User supplied function that takes a matrix of samples (# samples x # features) and computes the output of the model for those samples.

maskerfunction or numpy.array or pandas.DataFrame or tokenizer

The function used to “mask” out hidden features of the form masker(mask, x). It takes a single input sample and a binary mask and returns a matrix of masked samples. These masked samples will then be evaluated using the model function and the outputs averaged. As a shortcut for the standard masking using by SHAP you can pass a background data matrix instead of a function and that matrix will be used for masking. Domain specific masking functions are available in shap such as shap.maksers.Image for images and shap.maskers.Text for text.

partition_treeNone or function or numpy.array

A hierarchical clustering of the input features represented by a matrix that follows the format used by scipy.cluster.hierarchy (see the notebooks_html/partition_explainer directory an example). If this is a function then the function produces a clustering matrix when given a single input example.
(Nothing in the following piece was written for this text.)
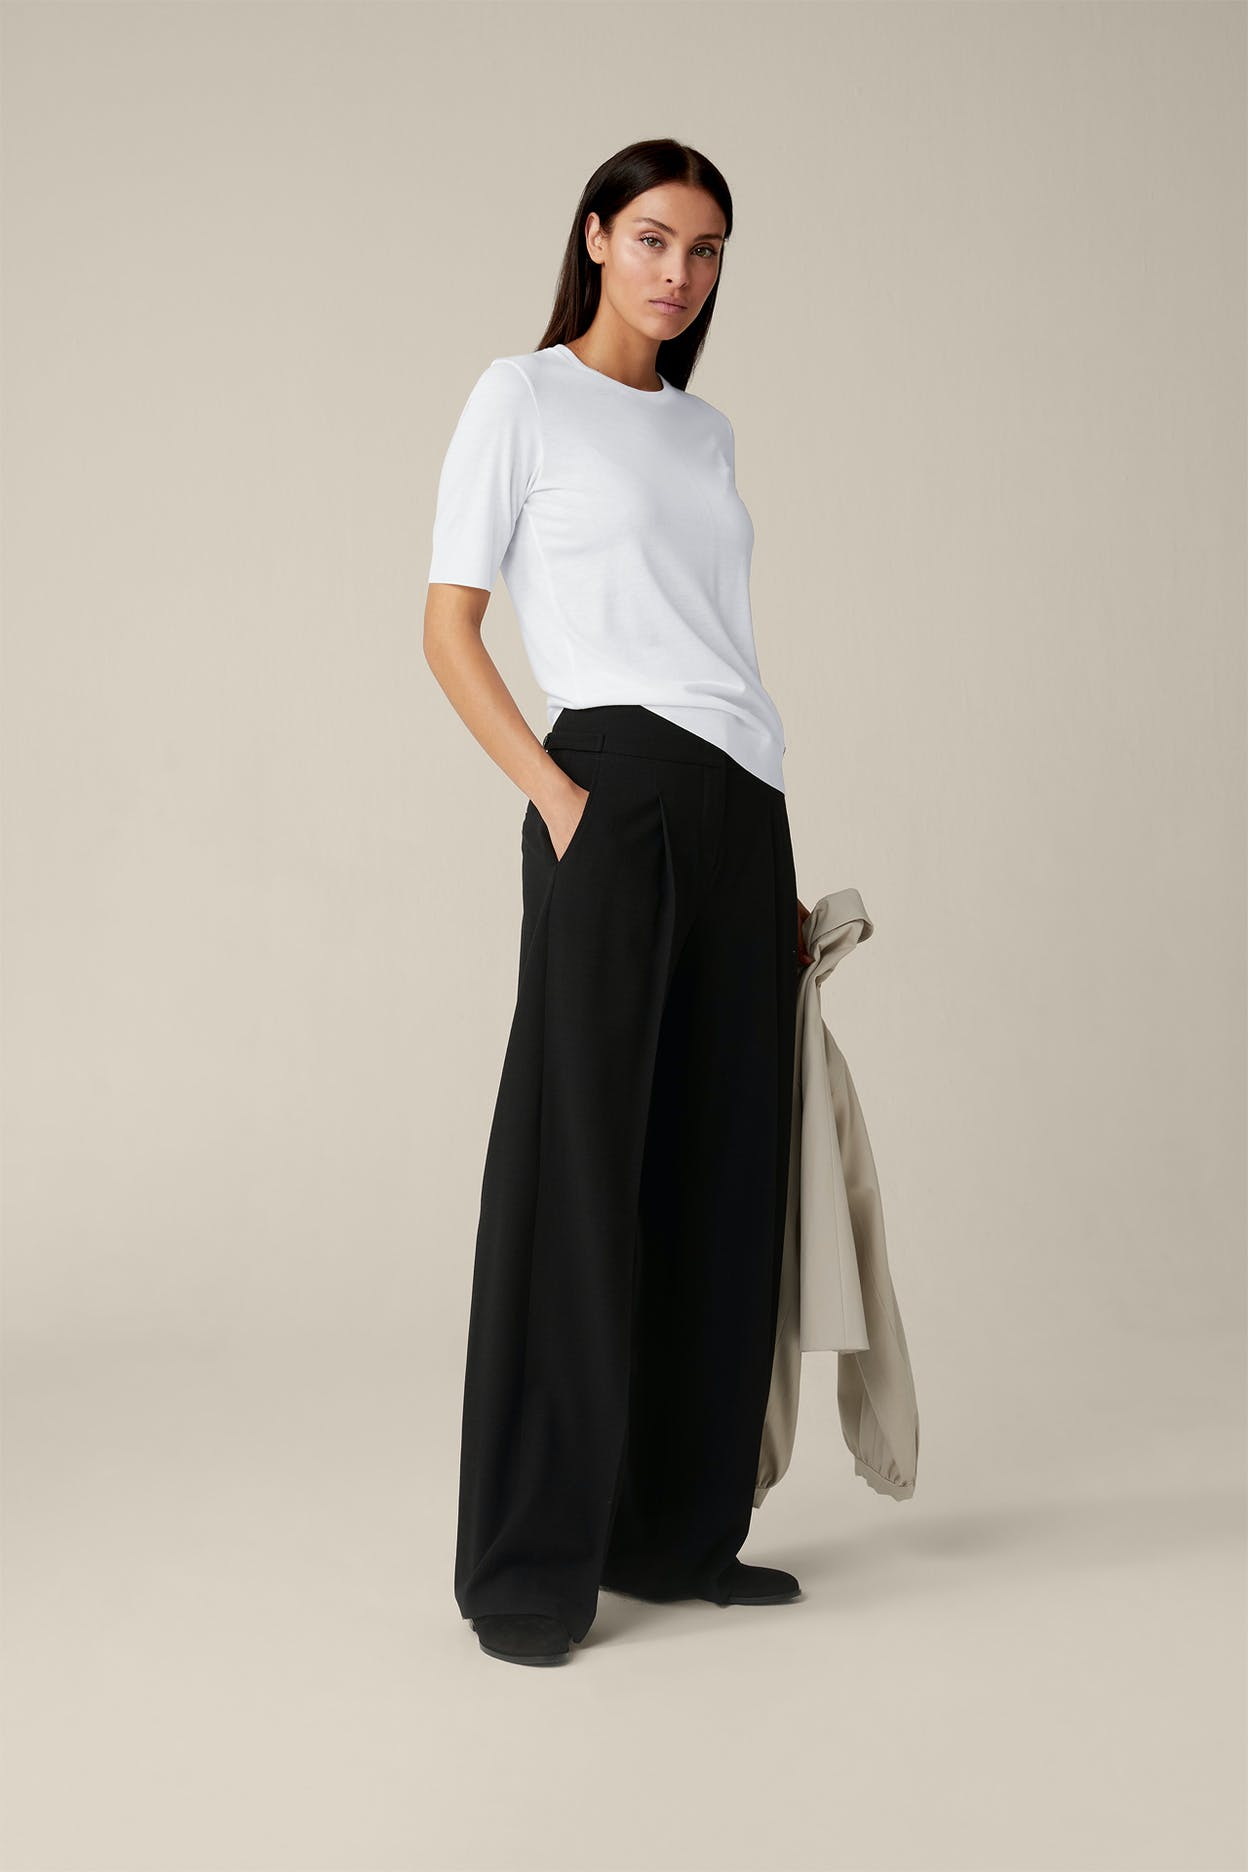 Tencel-Baumwoll-Shirt in Weiss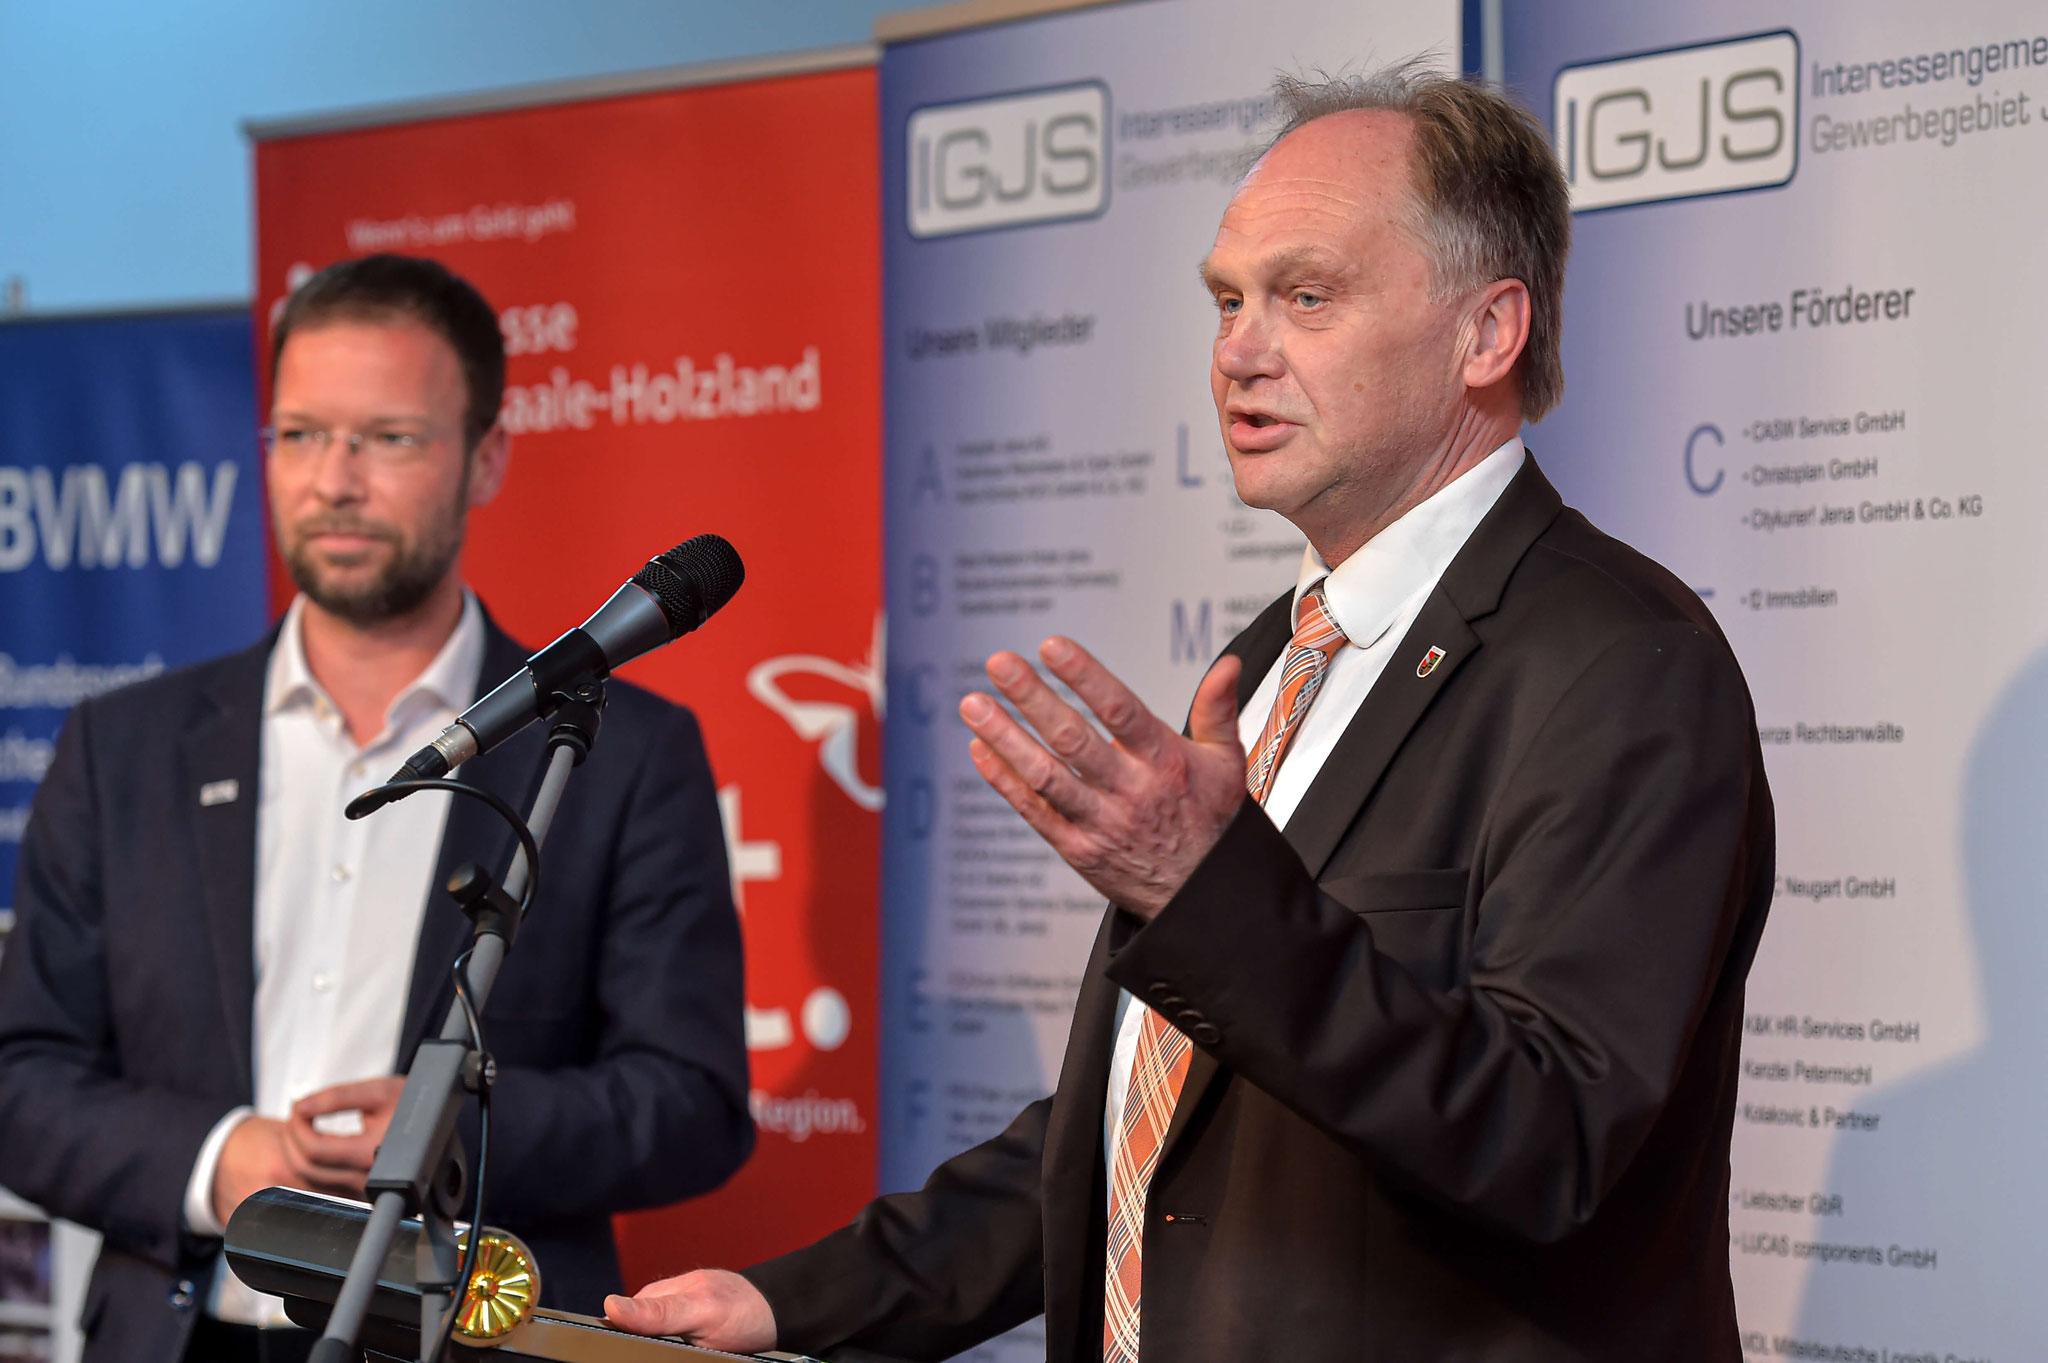 Andreas Heller, Landrat des Saale-Holzland-Kreises, bei seiner Ansprache

If you are using a standard SHAP masker object then you can pass masker.clustering to use that masker’s built-in clustering of the features, or if partition_tree is None then masker.clustering will be used by default.

Examples

See Partition Explainer Examples

Methods

__init__(model, masker, *[, partition_tree, …])

Uses the Partition SHAP method to explain the output of any function.

explain(x, hierarchical, npartitions, …)

explain_row(*row_args, max_evals, …)

Explains a single row and returns the tuple (row_values, row_expected_values, row_mask_shapes).

hierarchical_shap_values(x[, npartitions, …])

owen(fm, f00, f11, npartitions, …)

Compute a nested set of recursive Owen values based on an ordering recursion.

owen3(x, npartitions, output_indexes, …)

Compute a nested set of recursive Owen values based on an ordering recursion.

owen4(x, npartitions, output_indexes, …)

Compute a nested set of recursive Owen values based on an ordered recursion of paried permutations.

shap_values(x[, npartitions, …])

single_context_owen(x, npartitions, …)

Compute a nested set of recursive Owen values.

supports_model(model)

Determines if this explainer can handle the given model.

explain_row(*row_args, max_evals, main_effects, error_bounds, batch_size, outputs, silent)

Explains a single row and returns the tuple (row_values, row_expected_values, row_mask_shapes).

owen(fm, f00, f11, npartitions, output_indexes, fixed_context, batch_size, silent)

Compute a nested set of recursive Owen values based on an ordering recursion.

owen3(x, npartitions, output_indexes, hierarchical, context, batch_size, silent)

Compute a nested set of recursive Owen values based on an ordering recursion.

owen4(x, npartitions, output_indexes, interaction_tolerance, context, batch_size, silent)

Compute a nested set of recursive Owen values based on an ordered recursion of paried permutations.

TODO: This is not done yet, but when it is done it should outperform our current solution of just using the PermutationExplainer for tabular data.

single_context_owen(x, npartitions, output_indexes, interaction_tolerance, context, silent)

Compute a nested set of recursive Owen values.

static supports_model(model)

Determines if this explainer can handle the given model.

This is an abstract static method meant to be implemented by each subclass.